### EXERCISE REQUIREMENTS
After locating the line that holds "Fotos: Las camisas", copy that line and all that follow it word for word through the end of the data, with no pictures.

### SOURCE MATERIAL
***

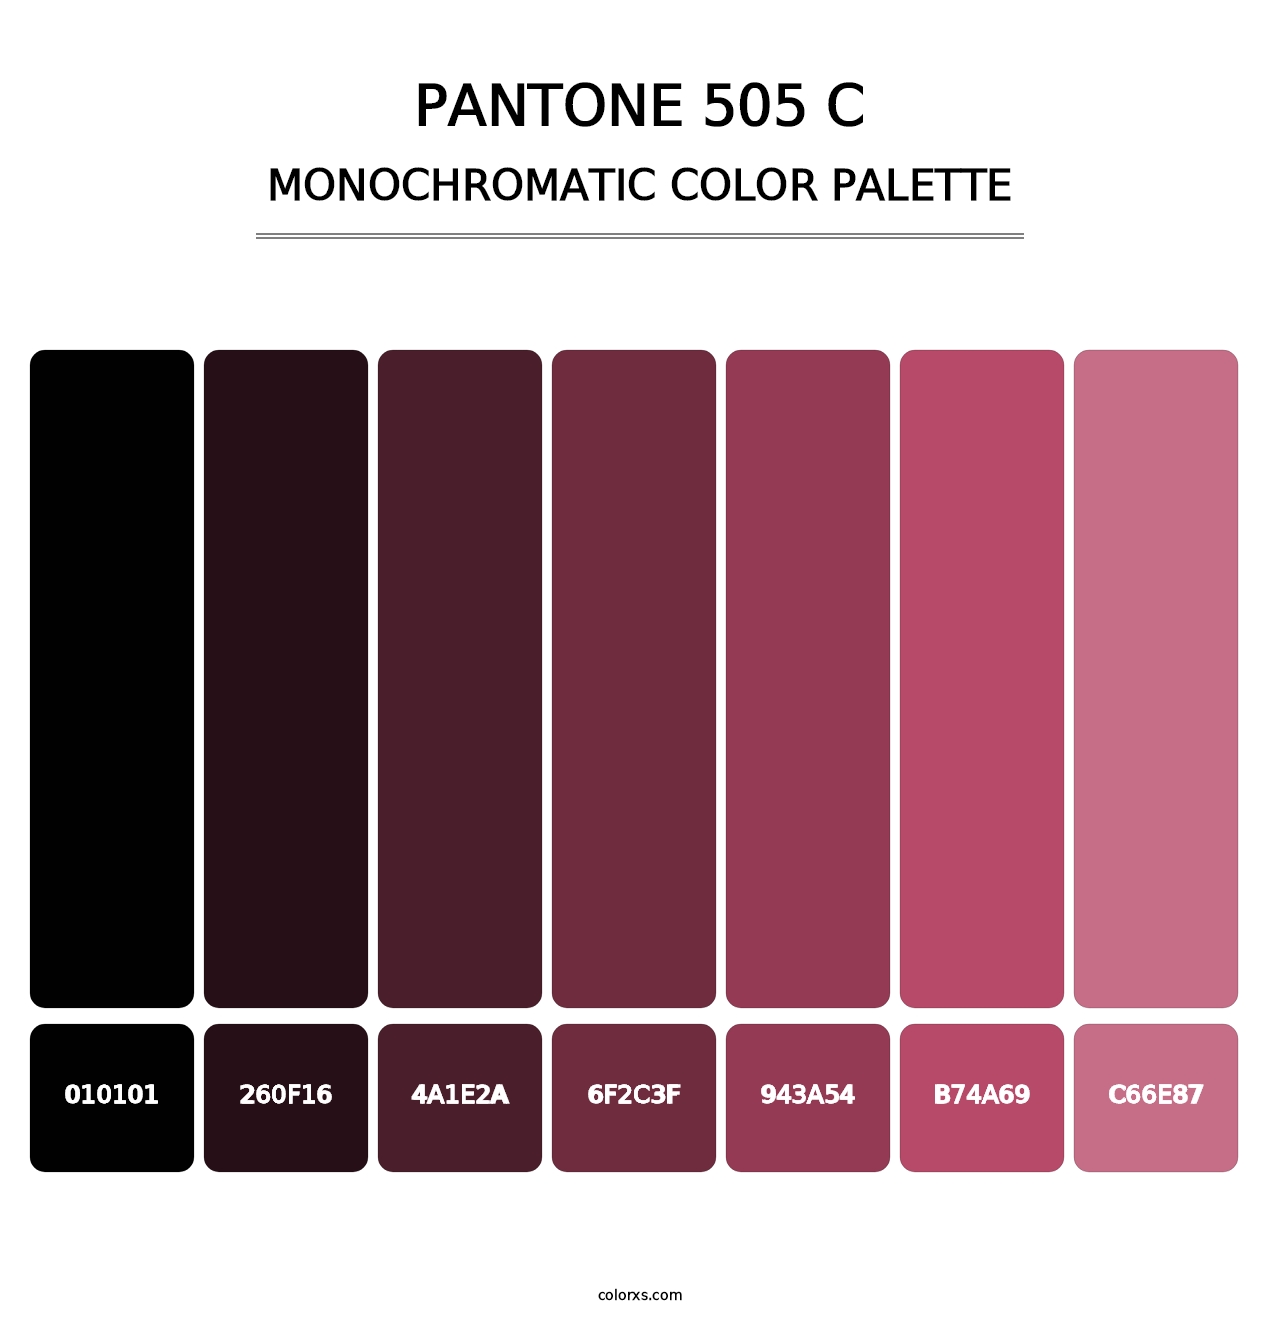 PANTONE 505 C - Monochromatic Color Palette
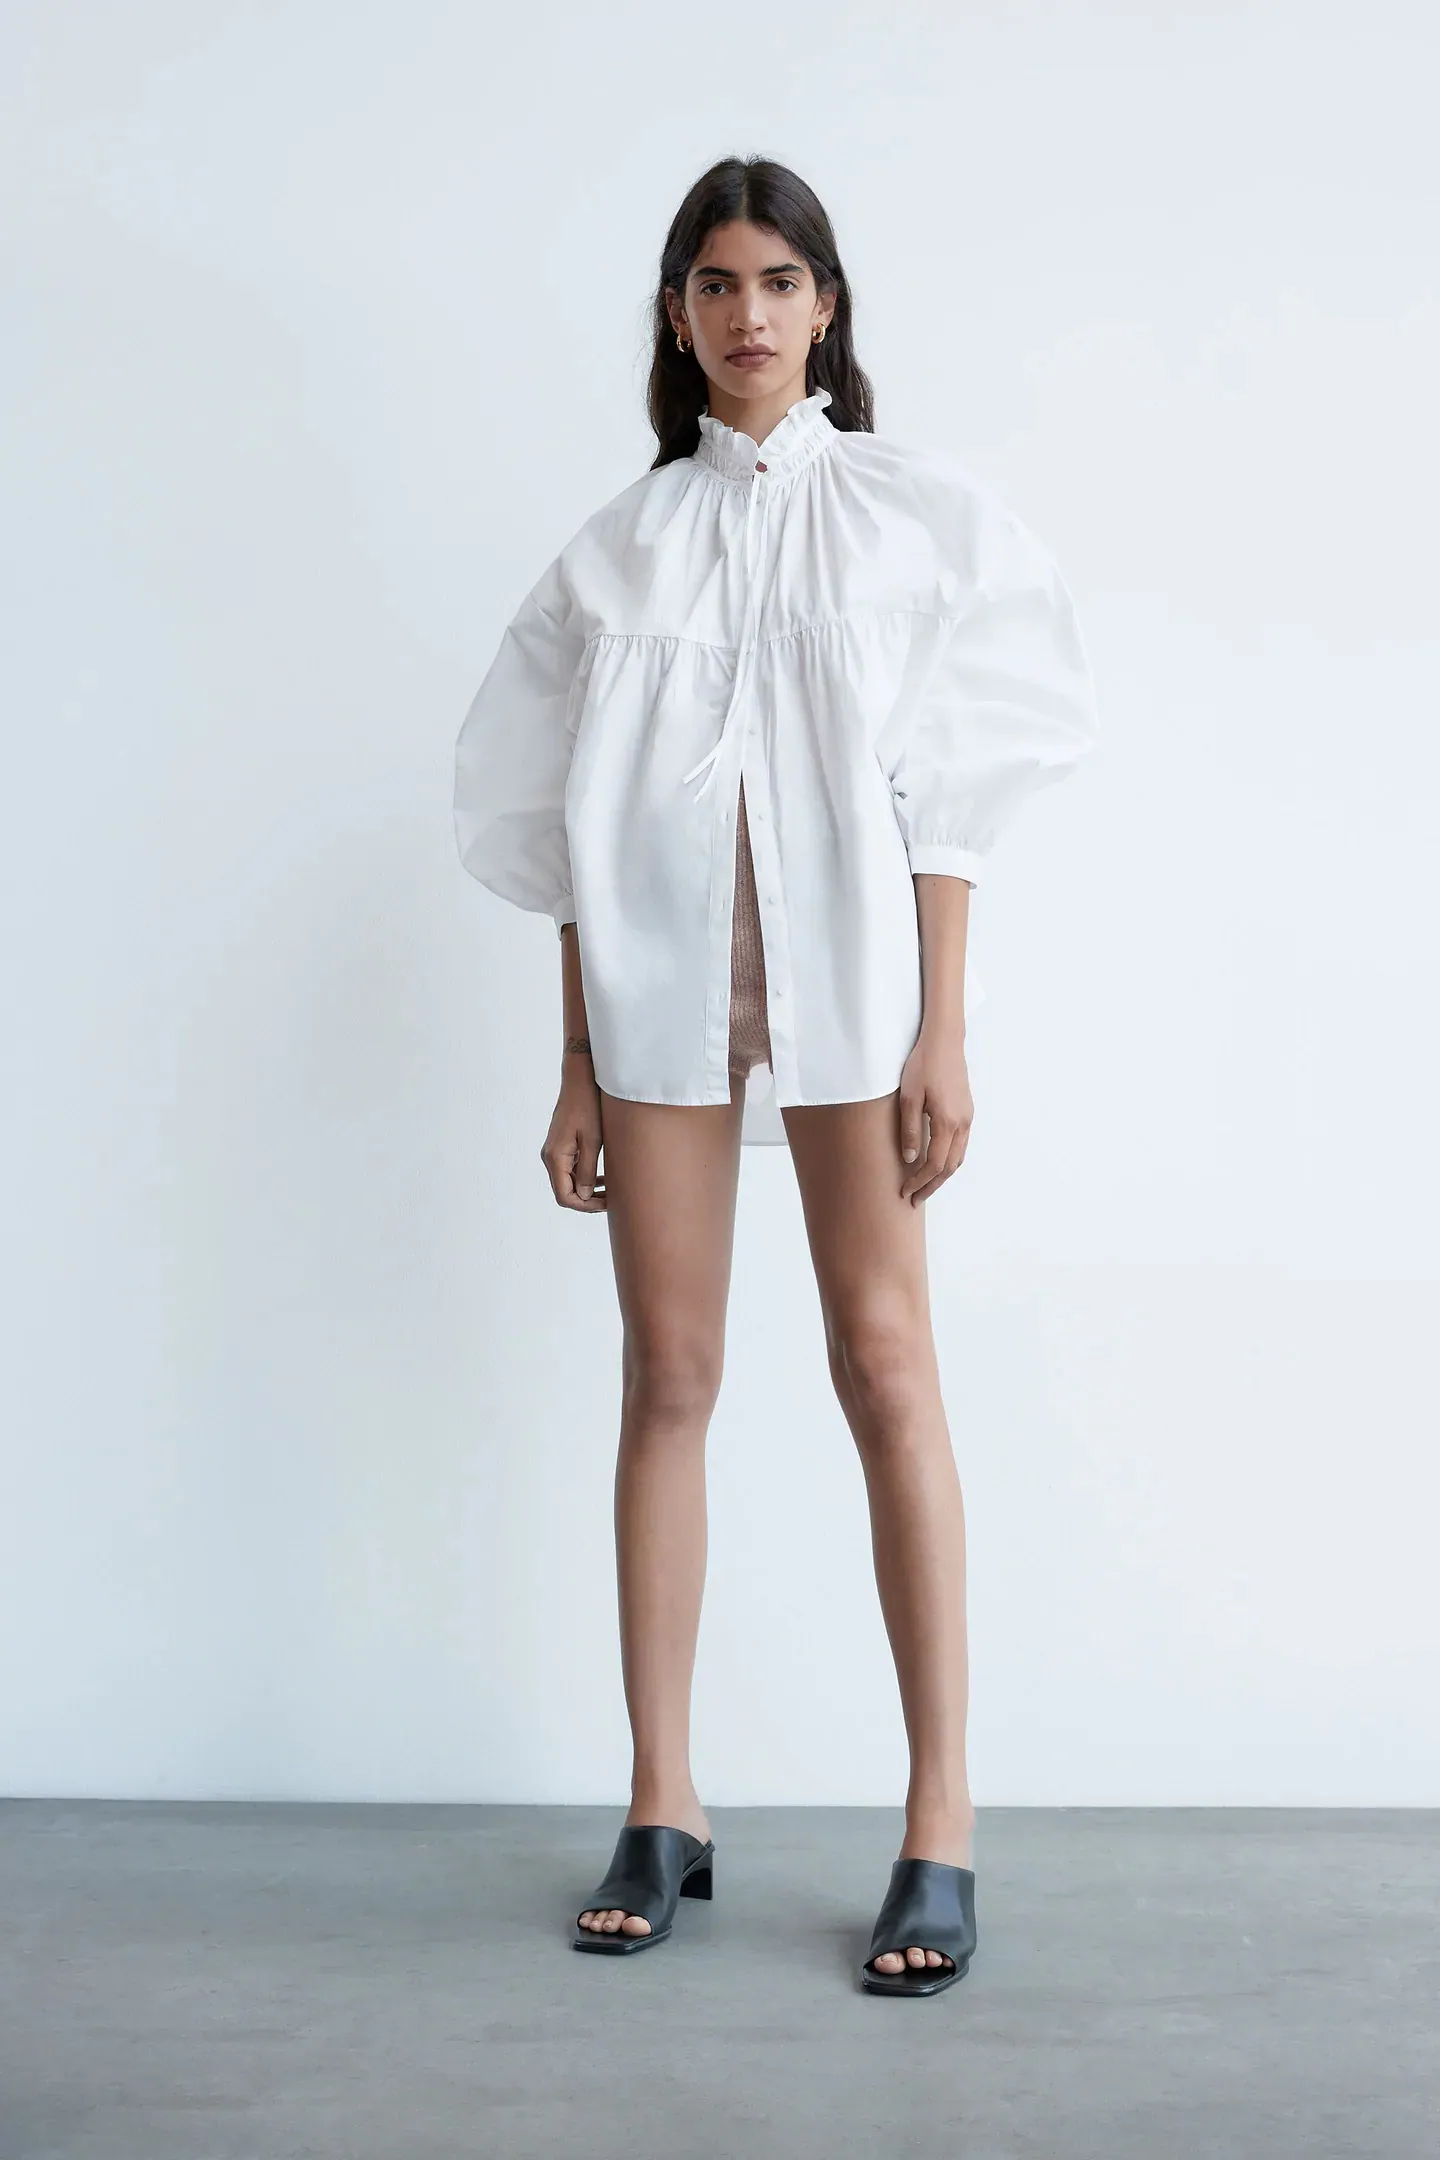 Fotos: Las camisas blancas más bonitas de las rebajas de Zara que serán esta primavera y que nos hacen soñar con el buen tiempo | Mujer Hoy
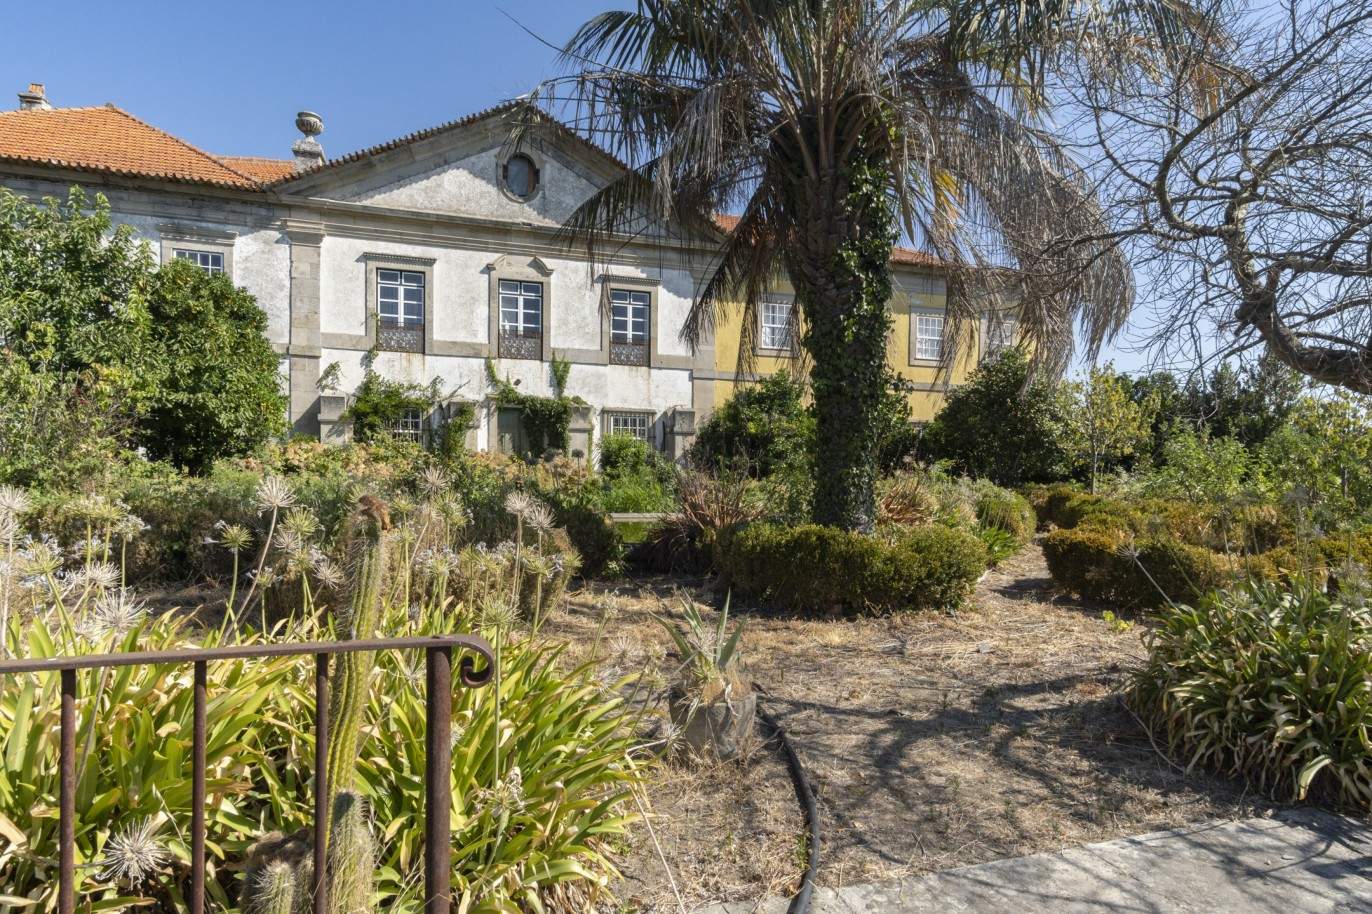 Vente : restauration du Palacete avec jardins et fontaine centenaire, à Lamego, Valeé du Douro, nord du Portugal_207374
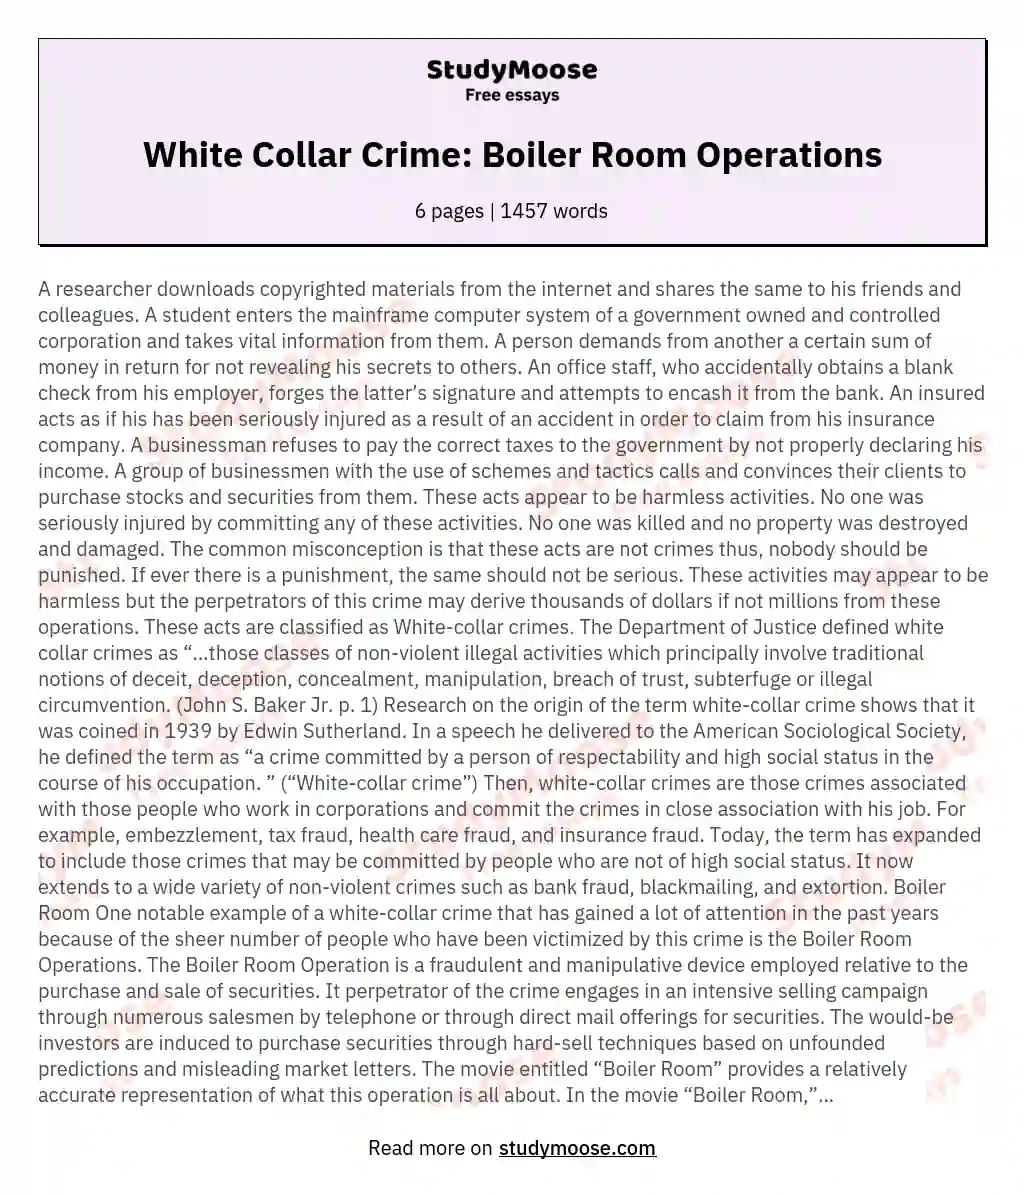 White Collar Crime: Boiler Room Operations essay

***

### TASK ANSWER
 Fotos: Las camisas blancas más bonitas de las rebajas de Zara que serán esta primavera y que nos hacen soñar con el buen tiempo | Mujer Hoy
 Vente : restauration du Palacete avec jardins et fontaine centenaire, à Lamego, Valeé du Douro, nord du Portugal_207374
 White Collar Crime: Boiler Room Operations essay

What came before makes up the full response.